Elliott previously criticized the movie's "allusions of homosexuality" and vision of the American West as mounted by New Zealand filmmaker Jane Campion.

The Power of the Dog

“The Power of the Dog”

Netflix

Benedict Cumberbatch is speaking out in defense of “The Power of the Dog” after actor Sam Elliott criticized the film’s “allusions of homosexuality” last week, calling the Oscar-nominated movie “a piece of shit.” Elliott made the remarks during a recent episode of Marc Maron’s “WTF” podcast. In the film, Cumberbatch stars as Phil Burbank, a sexually repressed rancher in 1925 Montana who yearns for a deceased fellow cowboy named Bronco Henry and eventually takes a young man (Kodi Smit-McPhee) under his wing.

Cumberbatch, who is up for a Best Actor Oscar for the film, made the remarks during a recent BAFTA Film Session. “I’m trying very hard not to say anything about a very odd reaction that happened the other day on a radio podcast over here,” he said. “Without meaning to stir over the ashes of that … someone really took offense to — I haven’t heard it so it’s unfair for me to comment in detail on it — to the West being portrayed in this way.”
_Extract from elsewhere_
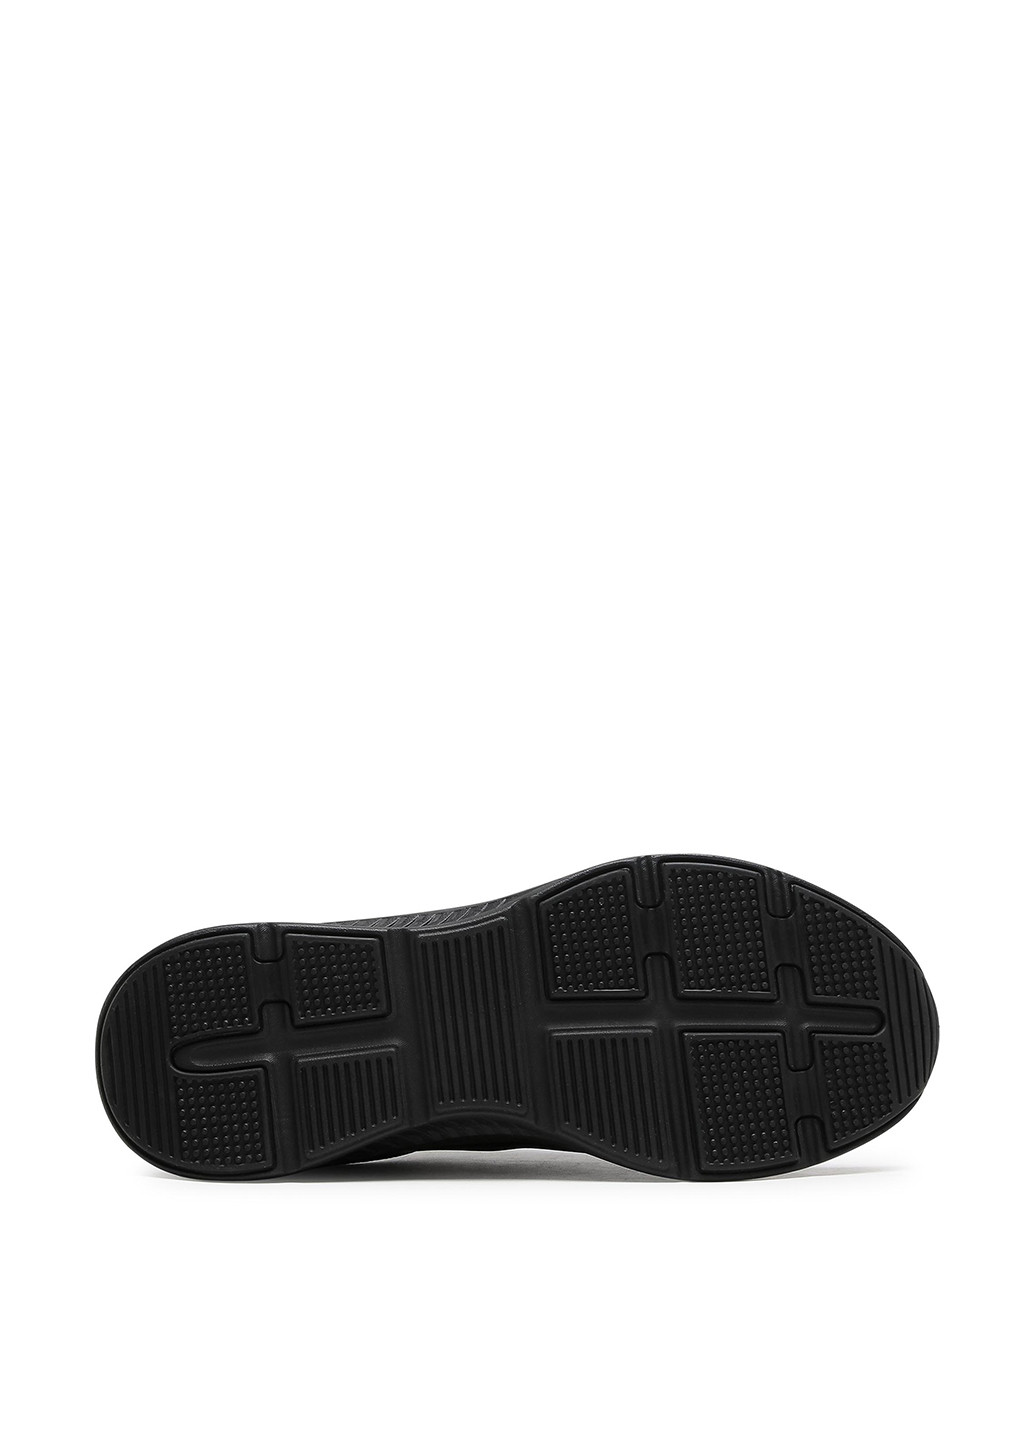 Черные демисезонные кросівки mp07-01405-03 Sprandi
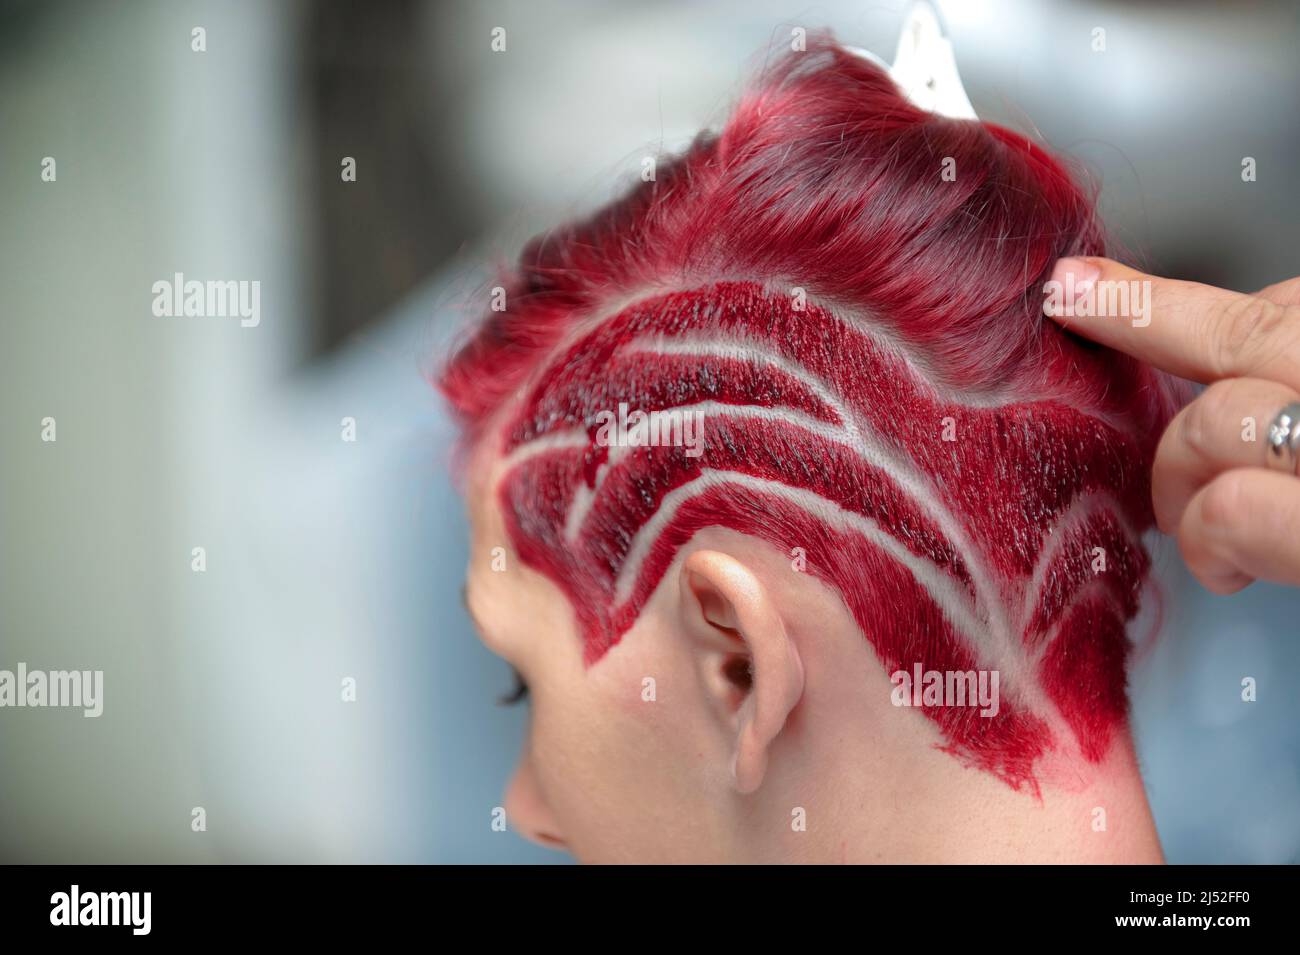 Friseursalon, der an einem roten Haarschnitt arbeitet Stockfoto

Cumberbatch added, “Beyond that reaction, that sort of denial that anybody could have any other than a heteronormative existence because of what they do for a living or where they’re born, there’s also a massive intolerance within the world at large towards homosexuality still and towards an acceptance of the other and anything kind of difference. No more so than in this prism of conformity of what’s expected of a man in the Western archetype mold of masculinity. To deconstruct that through Phil, it’s not a history lesson.”

Cumberbatch also said that “these people still exist in our world,” referring to men like Phil Burbank, who struggles to tamp down his desires while trying to posture as masculine.

“This is a very specific case of repression, but also due to an intolerance for that true identity that Phil is that he can’t fully be,” he said. “The more we look under the hood of toxic masculinity and try to discover the root causes of it, the bigger chances we have of dealing with it when it arises with our children.”

During the “WTF” interview, Elliott said that New Zealand filmmaker Jane Campion’s vision of the American West brought to mind Chippendales dancers. “That’s what all these fucking cowboys in that movie look like,” Elliott said. “They’re all running around in chaps and no shirts. There’s all these allusions to homosexuality throughout the fucking movie.”